_TRY IT_
The full listing, excluding its pictures, should be printed exactly as it stands.

_DATASET SECTION_
>>

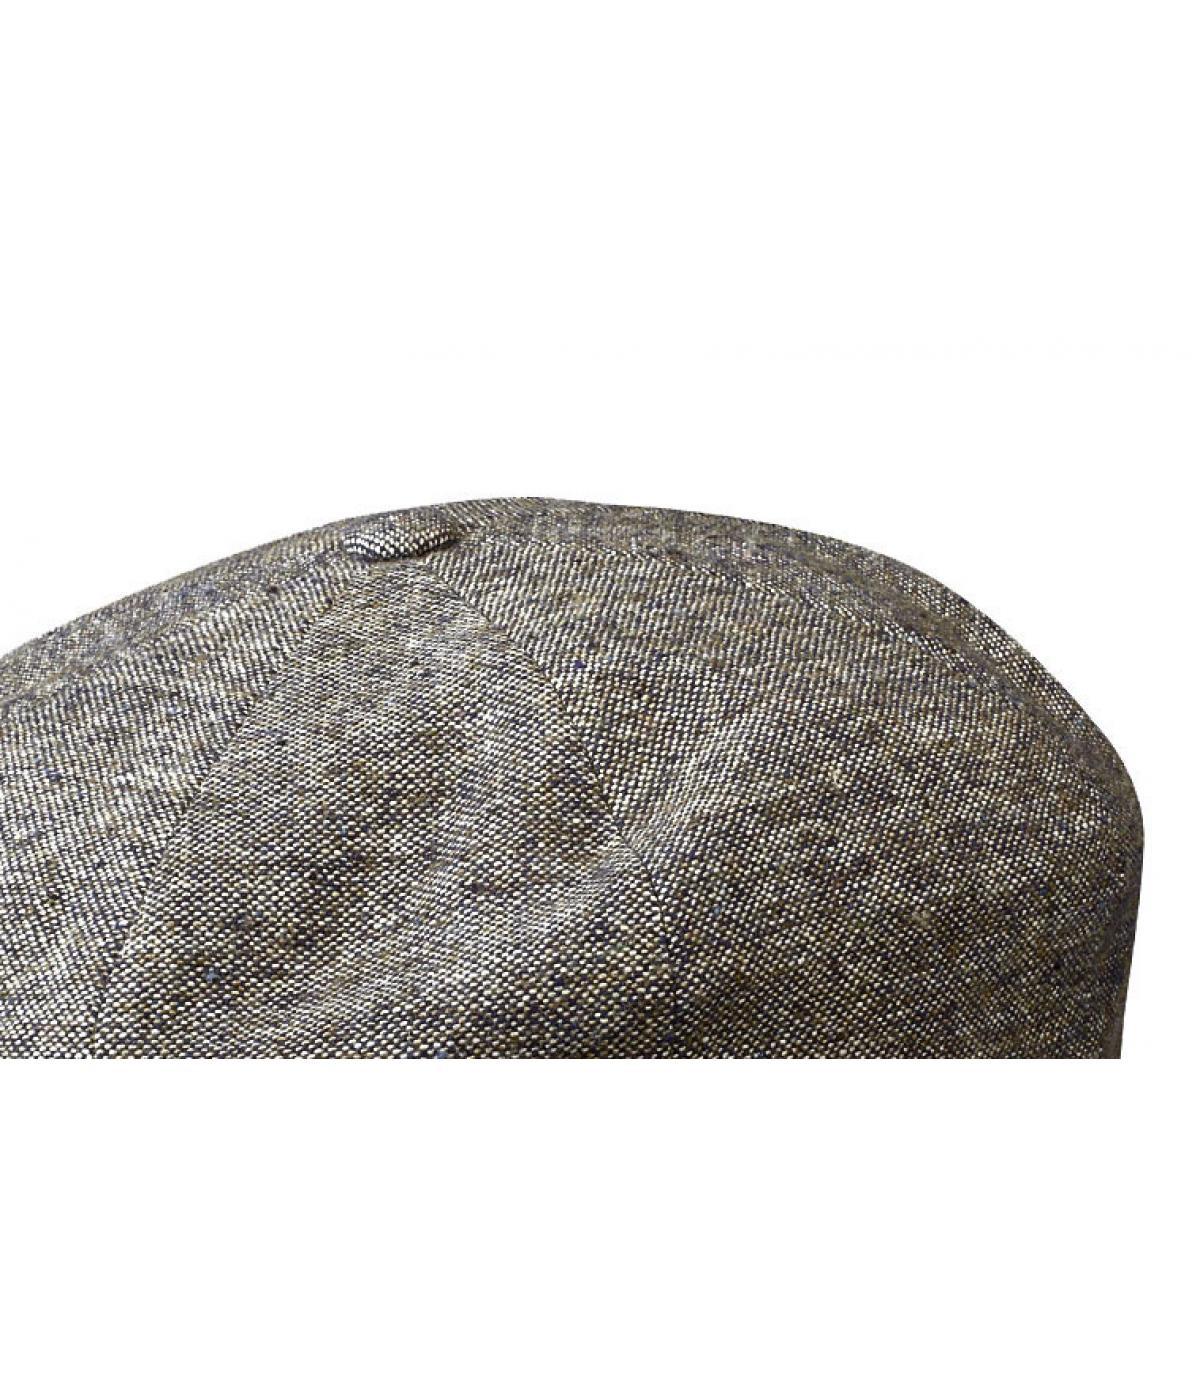 casquette irlandaise stetson hatteras laine coton grise par stetson. Black Bedroom Furniture Sets. Home Design Ideas
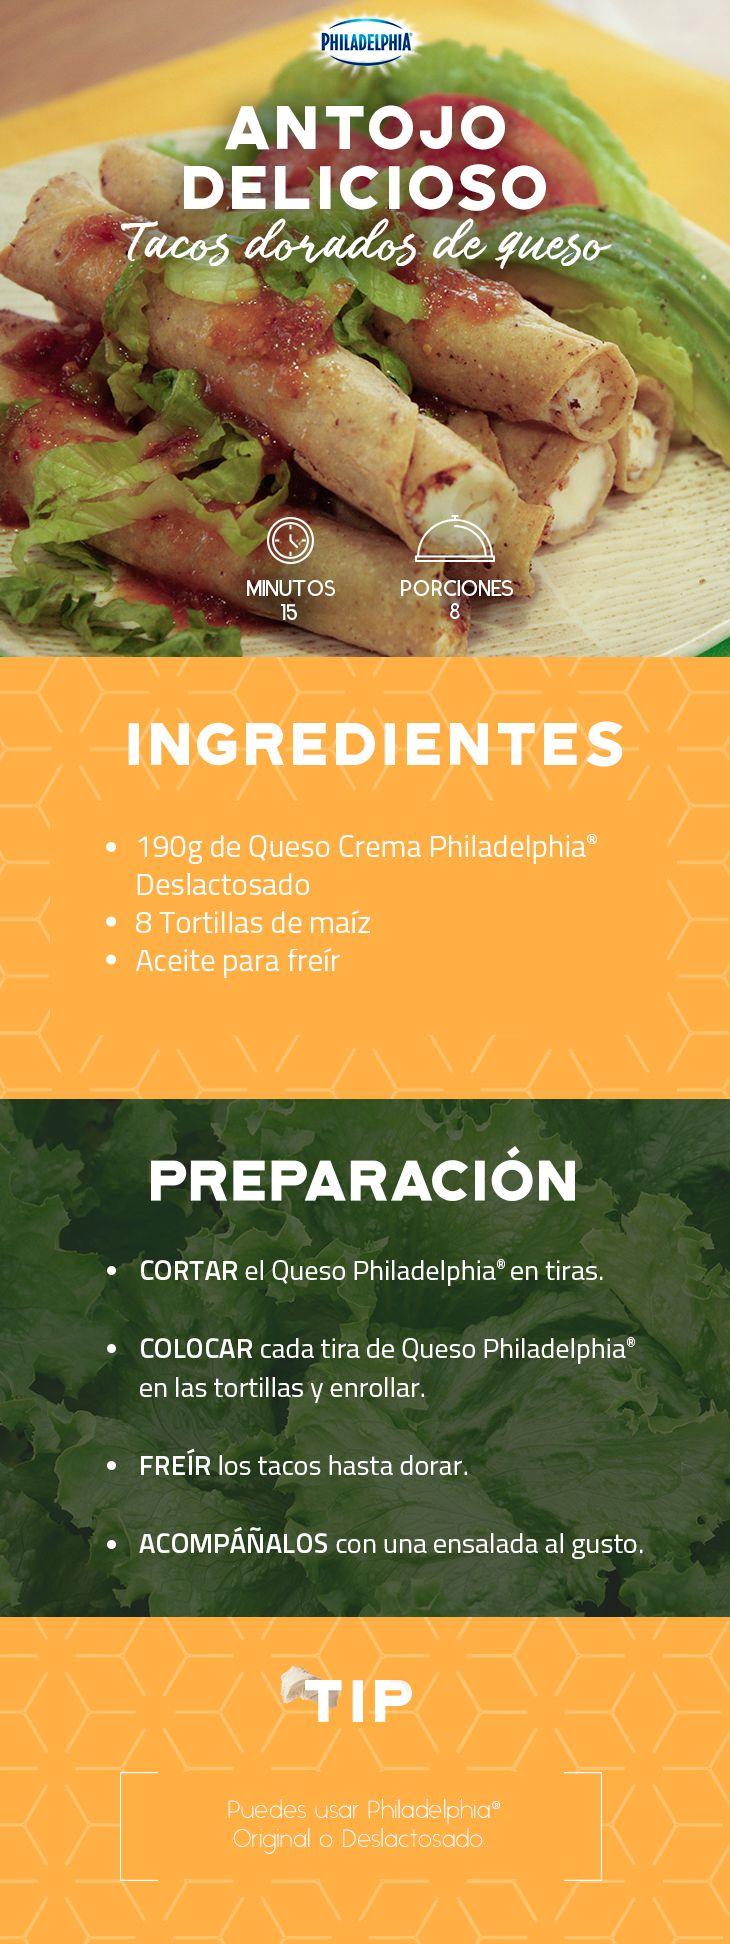 Lo mejor de este día será saborear unos Tacos dorados de queso con toda tu familia. #recetas #receta #quesophiladelphia #philadelphia #crema #quesocrema #queso #comida #cocinar #cocinamexicana #recetasfáciles #recetasPhiladelphia #recetasdecocina #comer #tacos #tacosdorados #comida #comidaenfamilia #antojo #antojitos #comidamexicana
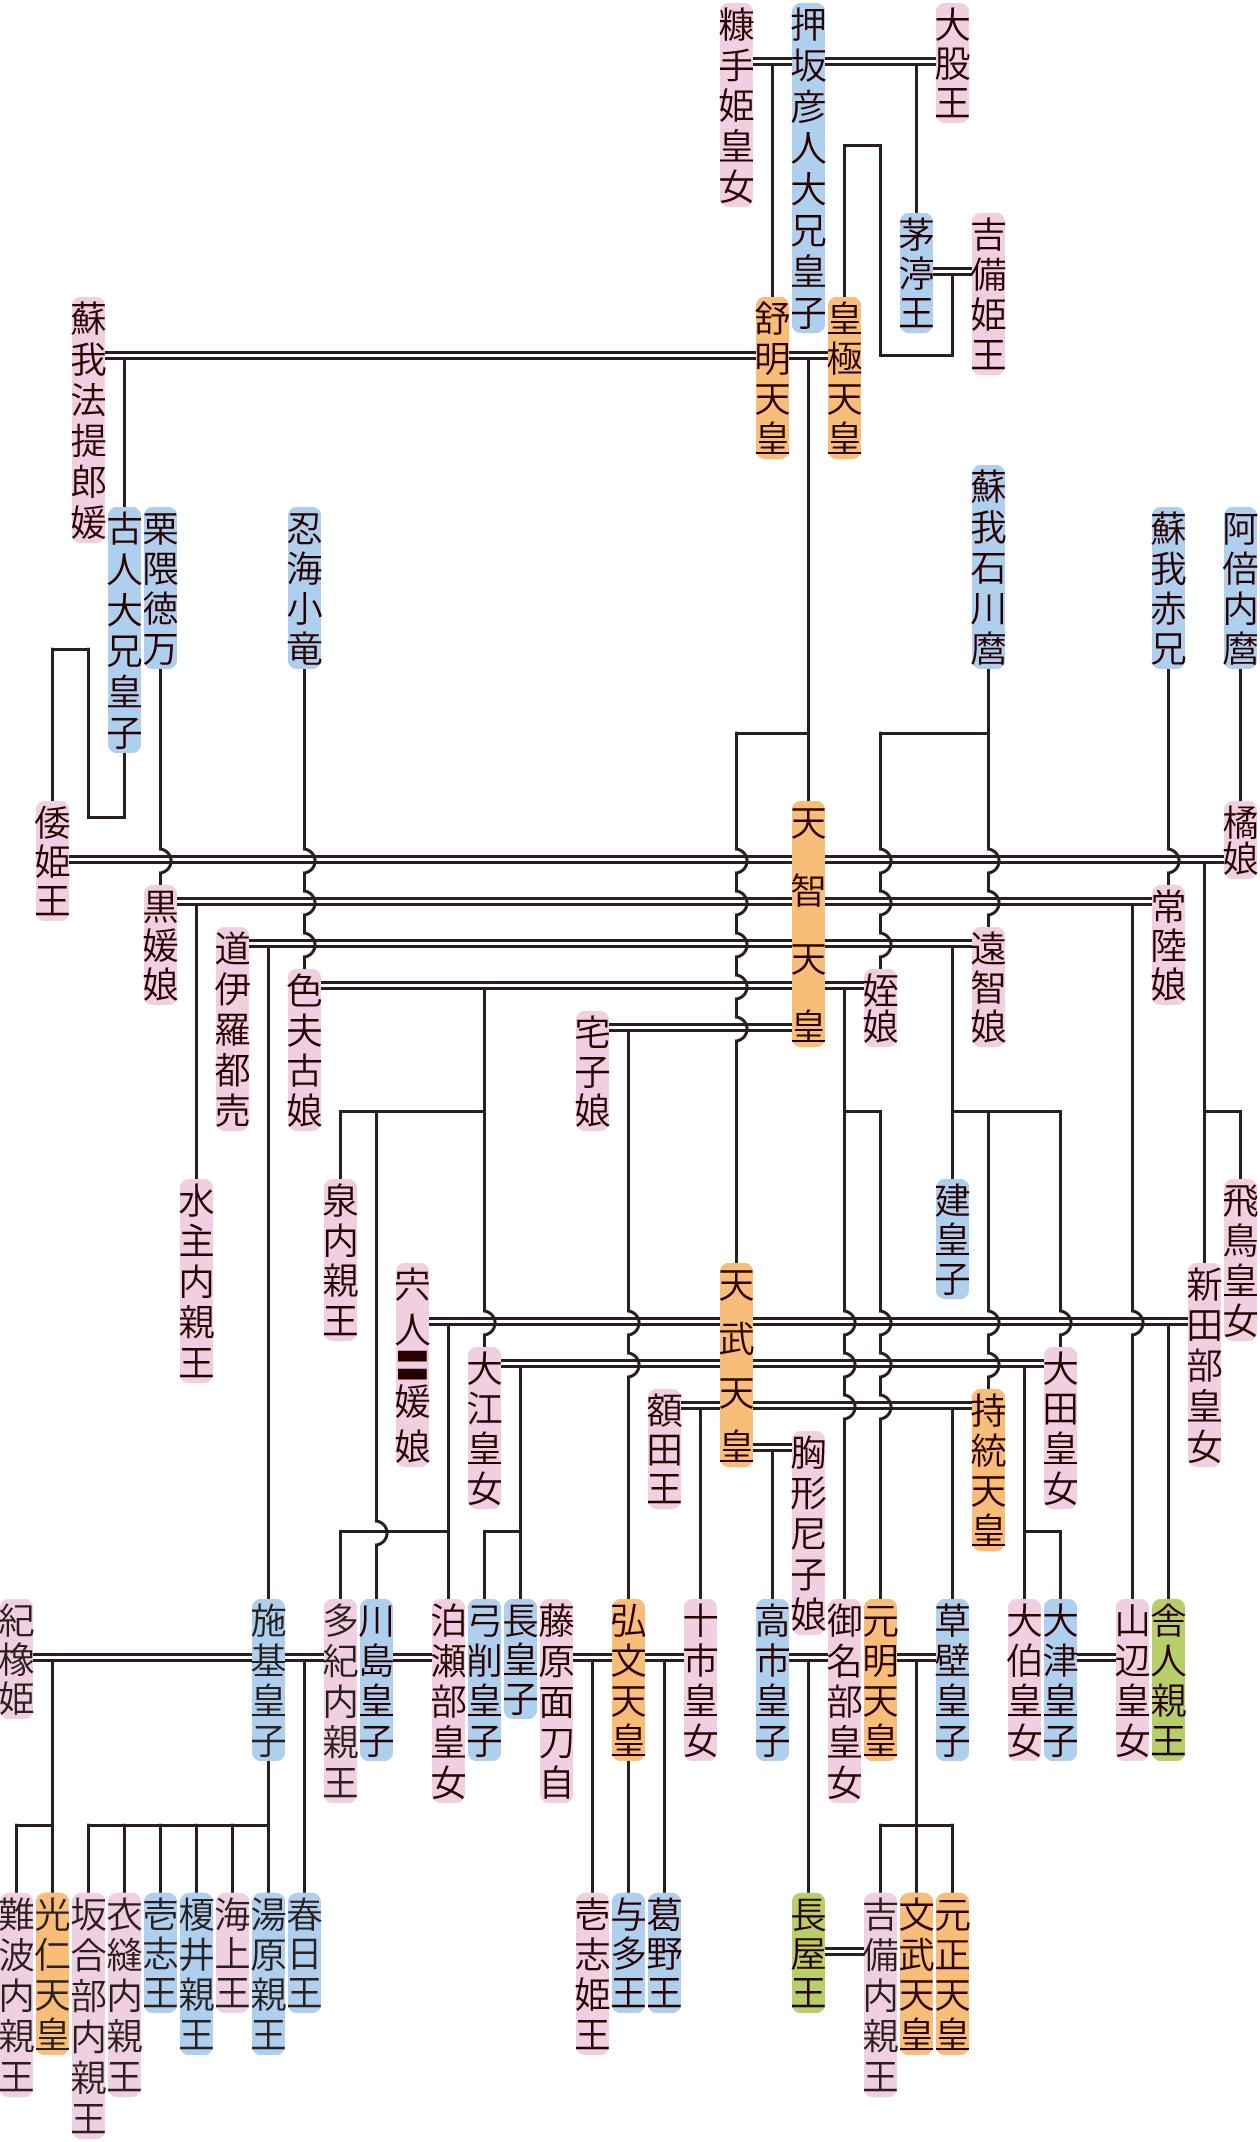 天智天皇の系図

<<

_YOUR SOLUTION_
 casquette irlandaise stetson hatteras laine coton grise par stetson. Black Bedroom Furniture Sets. Home Design Ideas
 Lo mejor de este día será saborear unos Tacos dorados de queso con toda tu familia. #recetas #receta #quesophiladelphia #philadelphia #crema #quesocrema #queso #comida #cocinar #cocinamexicana #recetasfáciles #recetasPhiladelphia #recetasdecocina #comer #tacos #tacosdorados #comida #comidaenfamilia #antojo #antojitos #comidamexicana
 天智天皇の系図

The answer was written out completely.